At present, the recovery method of dye wastewater mainly comprises adsorbent desorption and membrane treatment. For example, chinese patent application No. cn201810288666.x discloses a method for recovering residual dye by filtering dye wastewater and recycling the residual dye by a recycling process. At present, the key point of dye wastewater resource is to recycle dyes, but the subsequent reuse of the dyes is lacked.
Through search, relevant patents and published documents for realizing the recycling of dye wastewater in the form of a dye-boron nitride composite photocatalytic material are not found.
Disclosure of Invention
The invention aims to overcome the defects in the prior art, provides a method for preparing a dye-boron nitride composite photocatalytic material and application thereof, and realizes resource utilization of dye wastewater.
In order to achieve the purpose, the technical scheme adopted by the invention is as follows:
the invention provides a method for preparing a dye-boron nitride composite photocatalytic material, which comprises the following steps:
preparing dye wastewater: adding a dye into water to prepare dye wastewater with the concentration of 20-100 mg/L;
preparing boron nitride: according to the mass ratio of 2: 1, weighing urea and diboron trioxide, uniformly mixing, reacting at the constant temperature of 1100 ℃ for 3-5 h to prepare a boron nitride powder material, washing, drying and grinding to obtain a powder boron nitride sample;
preparation of dye-boron nitride compound: weighing and mixing dye wastewater and a powder boron nitride sample; stirring at normal temperature and in the dark for at least 360 min, standing for at least 30 min, centrifuging, taking out the solid, and drying at 60-100 ℃ for 6-10 h to obtain the dye-boron nitride composite photocatalytic material.

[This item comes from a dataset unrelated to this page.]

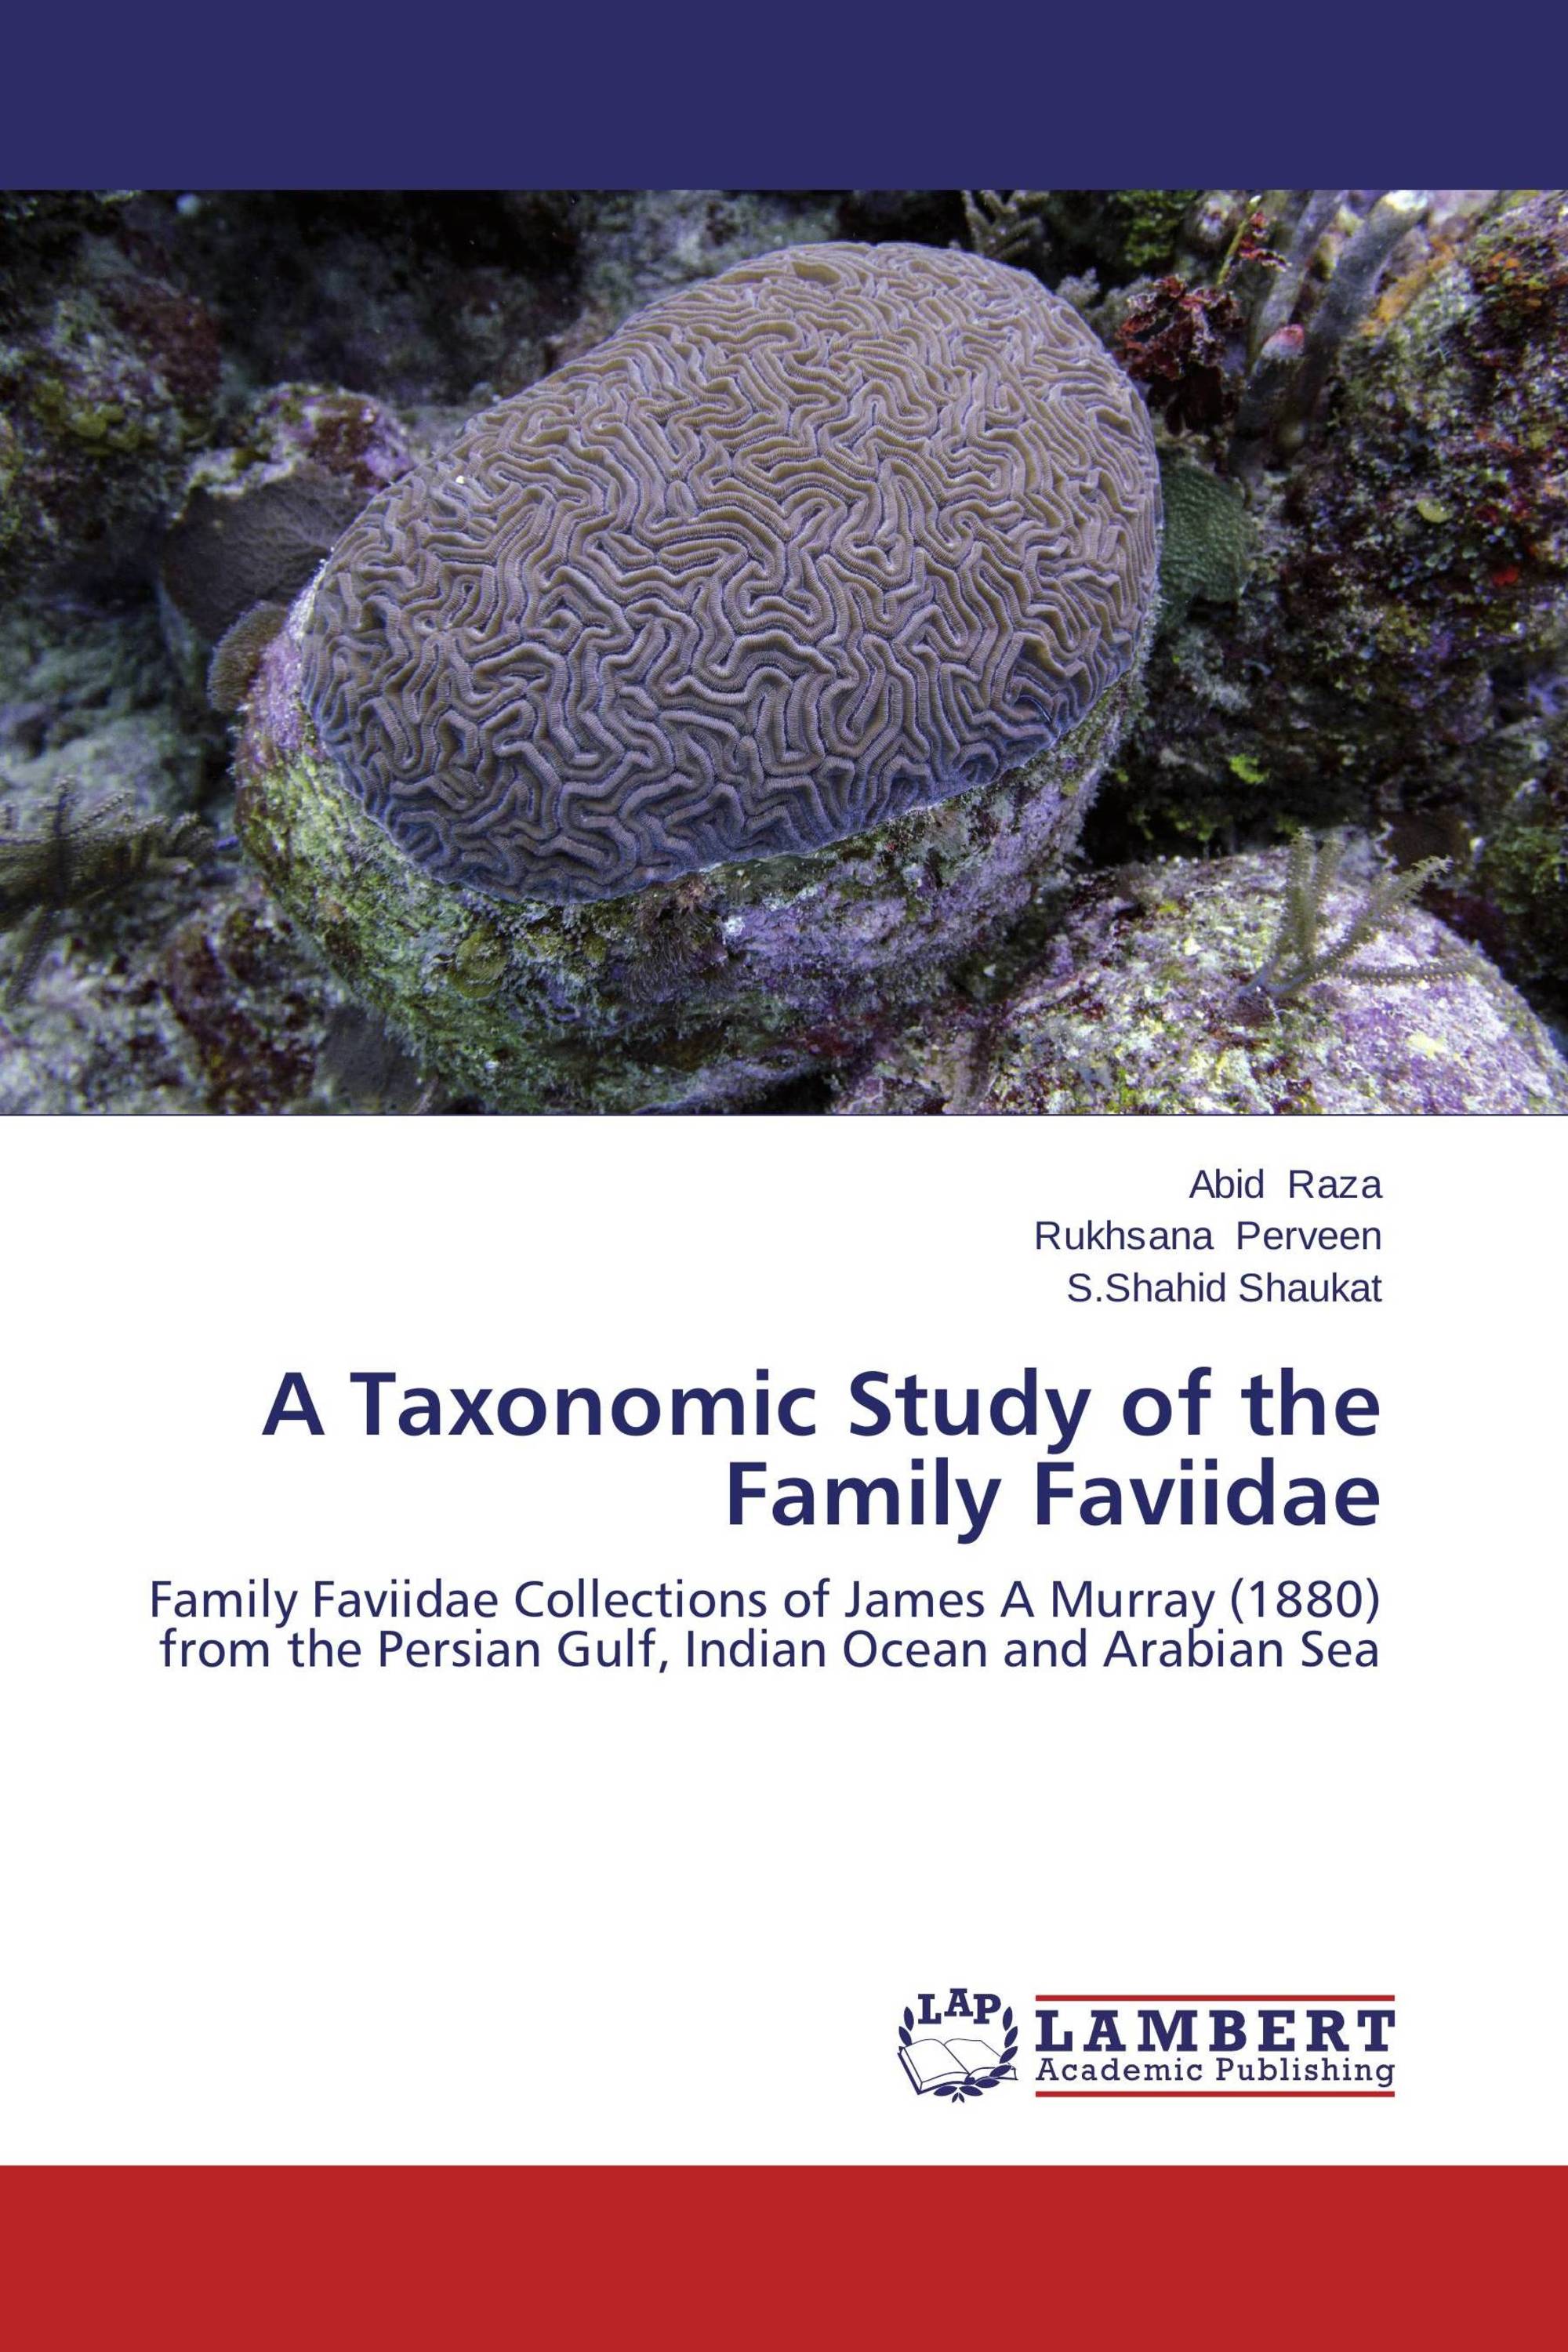 A Taxonomic Study of the Family Faviidae

Further, in the step of preparing the dye-boron nitride compound, the mass ratio of the dye to the boron nitride is 1: 1.5 weighing the dye wastewater and the powder boron nitride sample.
Further, the dye is rhodamine B and/or methylene blue.
Further, the dye-boron nitride composite photocatalytic material is rhodamine B-boron nitride, methylene blue-boron nitride or a rhodamine B-methylene blue-boron nitride compound.
The invention also provides an application of the dye-boron nitride composite photocatalytic material, and the prepared dye-boron nitride composite photocatalytic material can adsorb dye wastewater and degrade pollutants under visible light.
Further, the contaminant includes tetracycline.
Compared with the prior art, the invention has the following beneficial effects:
the method for preparing the dye-boron nitride composite photocatalytic material and the application thereof realize resource utilization of dye wastewater, and the process for preparing the dye-boron nitride composite photocatalytic material only needs stirring and adsorption at normal temperature, is easy to implement, simple to operate and easy to industrialize; the prepared dye-boron nitride composite photocatalytic material can adsorb organic pollutants, can degrade the organic pollutants under visible light, and saves the treatment cost of dye wastewater.
Drawings
FIG. 1 is a diffraction pattern of a boron nitride crystal in example 1 of the present invention;
FIG. 2 is a Fourier infrared spectrum of boron nitride in example 1 of the present invention;
FIG. 3 is a schematic diagram of the results of degrading tetracycline by the boron nitride and rhodamine B-boron nitride composite photocatalytic material in example 1 of the present invention under visible light;
FIG. 4 is a schematic diagram showing the results of degrading tetracycline by using the boron nitride and methylene blue-boron nitride composite photocatalytic material in example 2 of the present invention under visible light;
FIG. 5 is a schematic diagram of the results of degrading tetracycline by the boron nitride and rhodamine B-methylene blue-boron nitride composite photocatalytic material in example 3 of the present invention under visible light;
FIG. 6 is a schematic diagram of the result of cyclic degradation of tetracycline by the rhodamine B-boron nitride composite photocatalytic material in embodiment 4 of the present invention under visible light.
Detailed Description
The invention is further described below with reference to the accompanying drawings. The following examples are only for illustrating the technical solutions of the present invention more clearly, and the protection scope of the present invention is not limited thereby.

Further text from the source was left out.